I started to work on basic lingustic tasks, namely morphological analysis. And started to do that using Lisp of course, although suspect that using C++ (with its cool STL) would be much faster to develop.
To date I implemented a simple algorithm to calculate Levenshtein-Damerau distance between words, which can be used for fuzzy text search. Effectively that's what ispell does.
Now I work on morphological analysis itself. I decided to start with Russian language for this, since I know it quite good, and it is rather complex one. Application should get a word and provide morphological tag for this: whether it is noun, verb or whatever else, which case or conjugation it has and so on.

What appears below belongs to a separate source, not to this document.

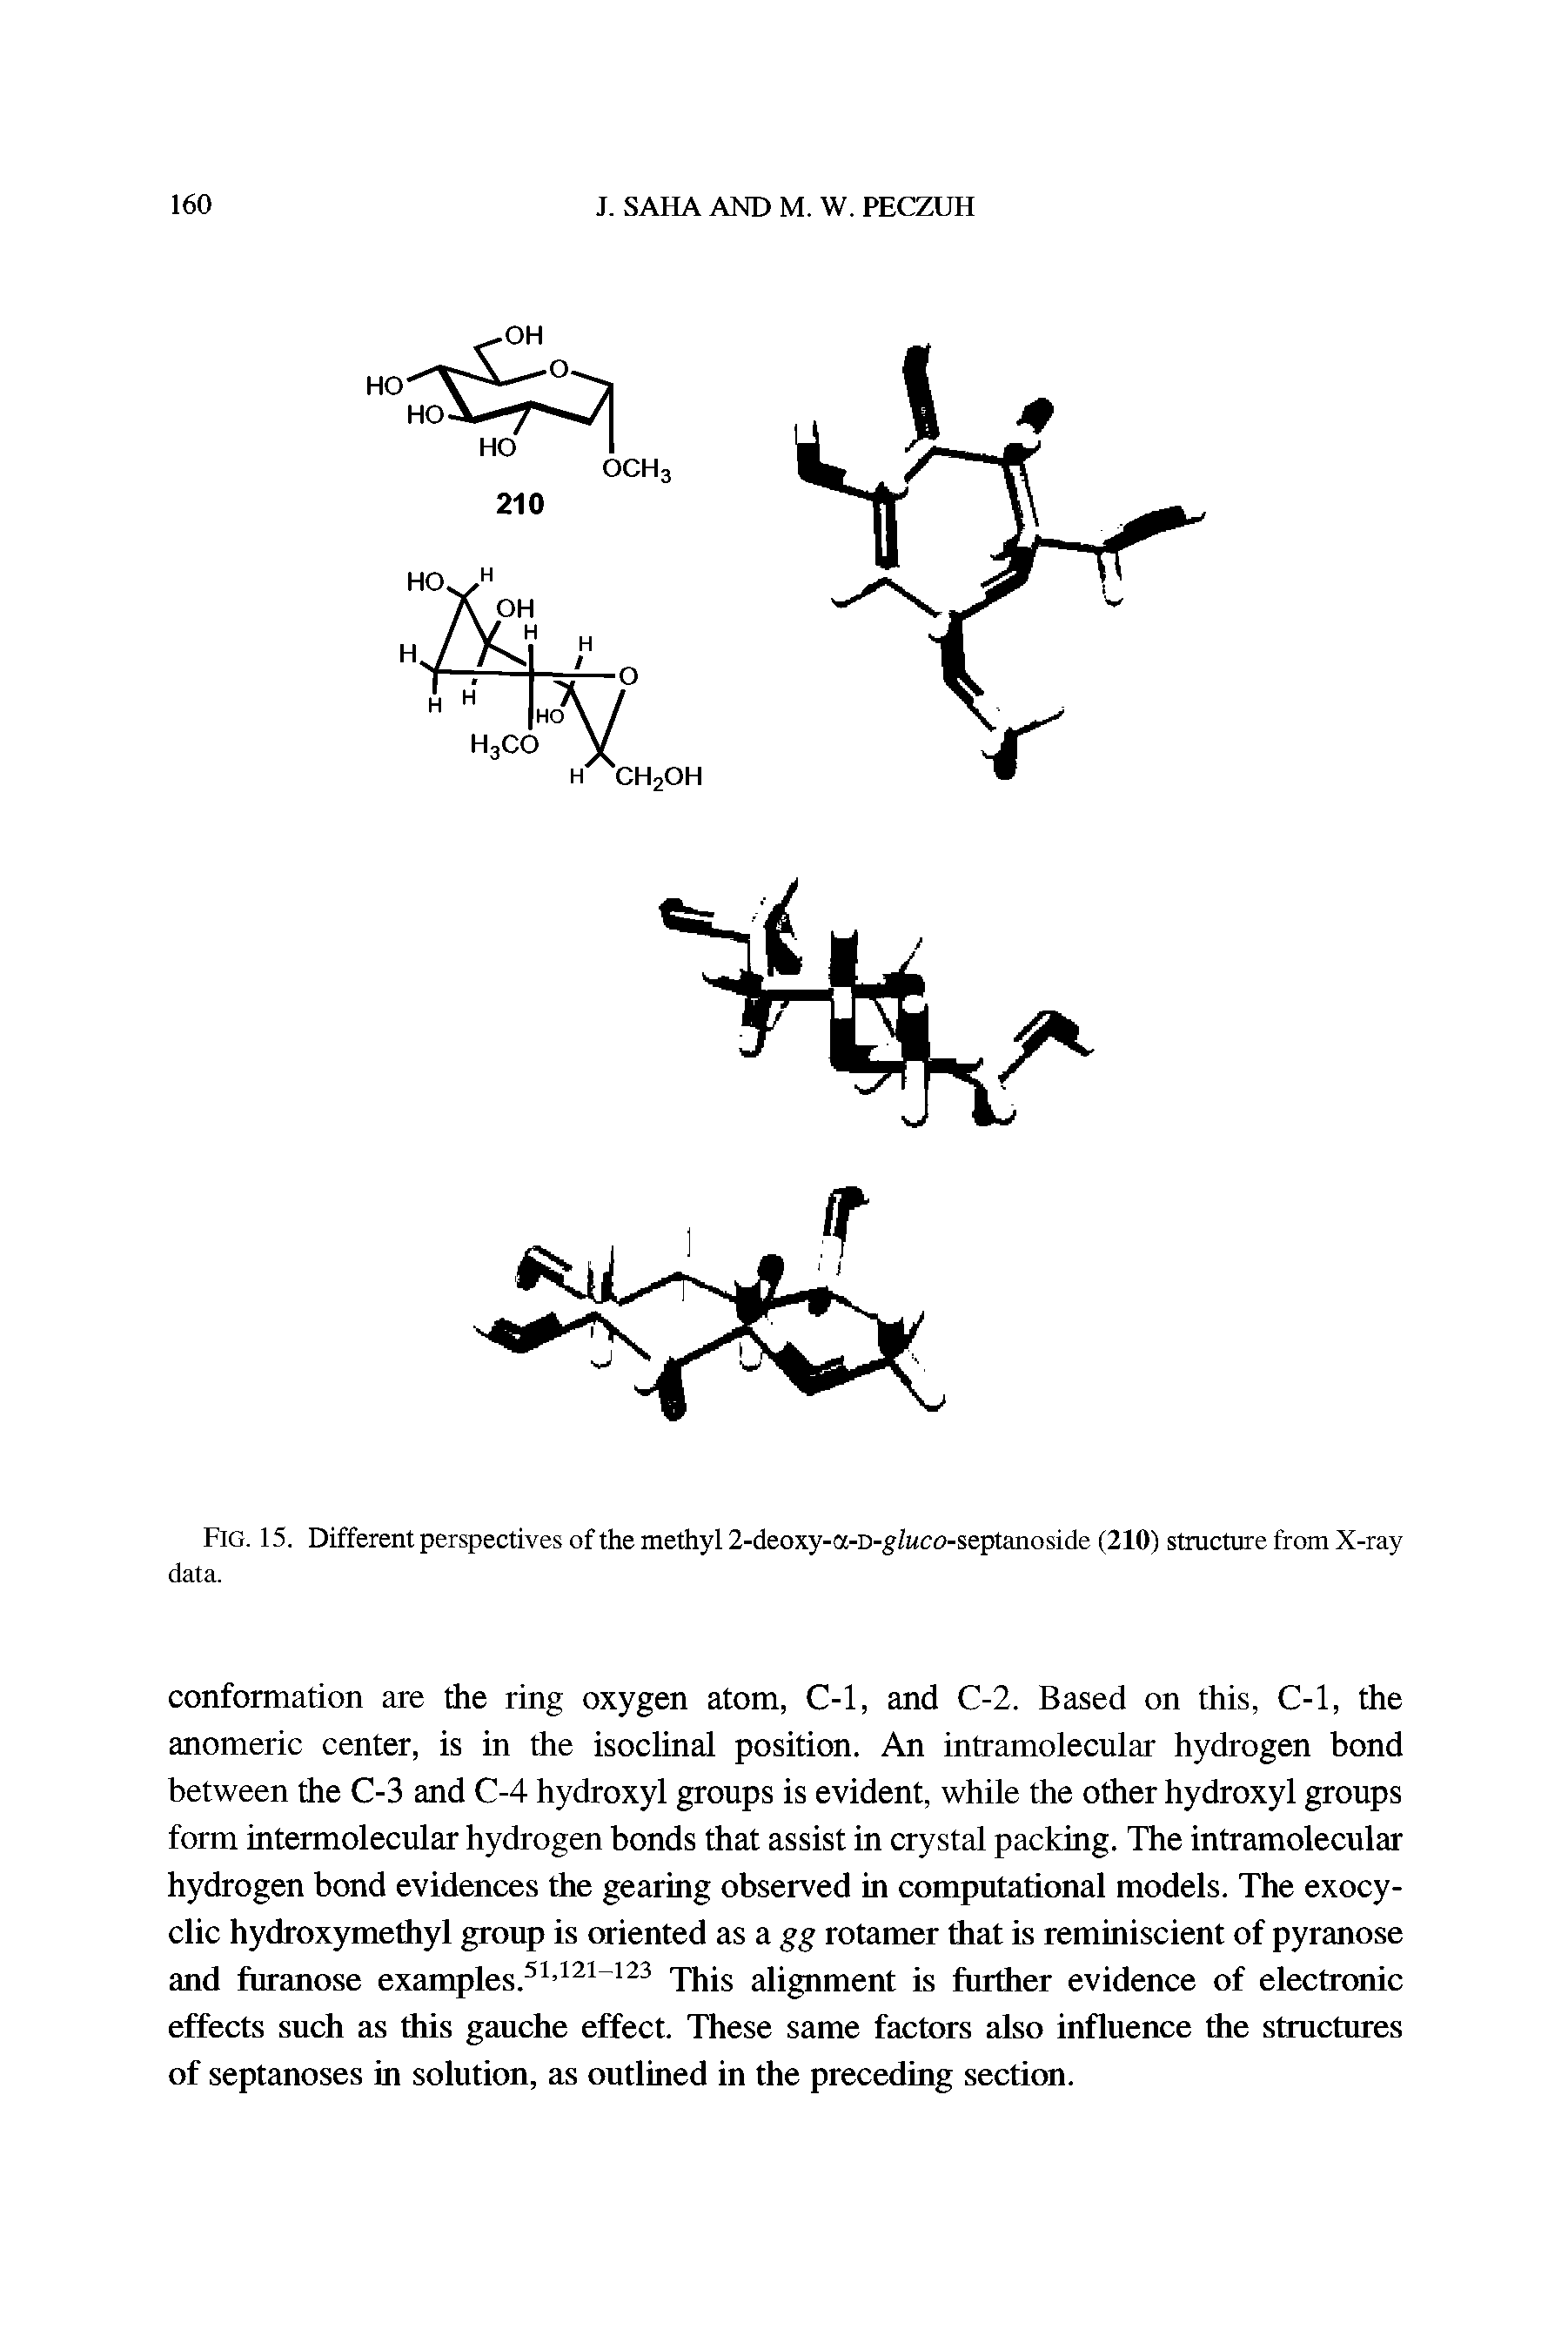 Fig. 15. Different perspectives of the methyl 2-deoxy-a-D-g/nco-septanoside (210) structure from X-ray data.

I want to use a trainig corpora to teach algorithm about lemmes and inflexions, which then can be used to determine other forms and try to guess them if there is no strict match. I will use rather simple algorithm - separate endings and use them as a pointer to RADIX tree roots, which will contain reversed testing word roots. Ending and matched root will allow to determine morphological nature of the word.
To date I finished simple compressed RADIX tree implementation in Lisp, but there is a huge problem with trainig corpora. Did I say that all linguists are greedy bastards? There are no morphologically tagged corporas in public access, and even those who claim having it, does not provide such access, at least I did not find it anywhere except wikipedia.
Which in turn provides it as a HTML page like this, and of course there is no strict template or at least standard format for morphological part of the page. So it can add some additional tags or symbols between strings and so on. I implemented a simple Lisp HTTP downloader, which tries to analyze wikipedia pages and select morphological information, but to date it only work for nouns and adjectives. Next task is verb.
Then I will be able to build a testing corpora and create morphological parser. I expect this is already implemented in ispell, and I could use its dictionaries, but I was not able to find out how to make it dump morphological information about words.
The main question is why do I need this? And the answer is 'for lulz'. Plan is to create a simple grammatics generator, which will take training text, analyze every word and store learned grammatics. Then application will select some other words and produce sentences using those grammatics.
Stupid, but wery interesting, and allows to move furhter...
Stay tuned!
http://en.wikipedia.org/wiki/Cyc
The latest version of OpenCyc, 2.0, was released in July 2009. OpenCyc 1.0 includes the entire Cyc ontology containing hundreds of thousands of terms, along with millions of assertions relating the terms to each other, however these are mainly taxonomic assertions, not the complex rules available in Cyc. The knowledge base contains 47,000 concepts and 306,000 facts and can be browsed on the OpenCyc website.
It is a rather complex project and it aims at a little bit different direction. I want to implement simple grammatics analyzer with morphological feature first, and try to automatically build a database of relations of different objects, while Cyc implements a fair handcrafted knowledge base.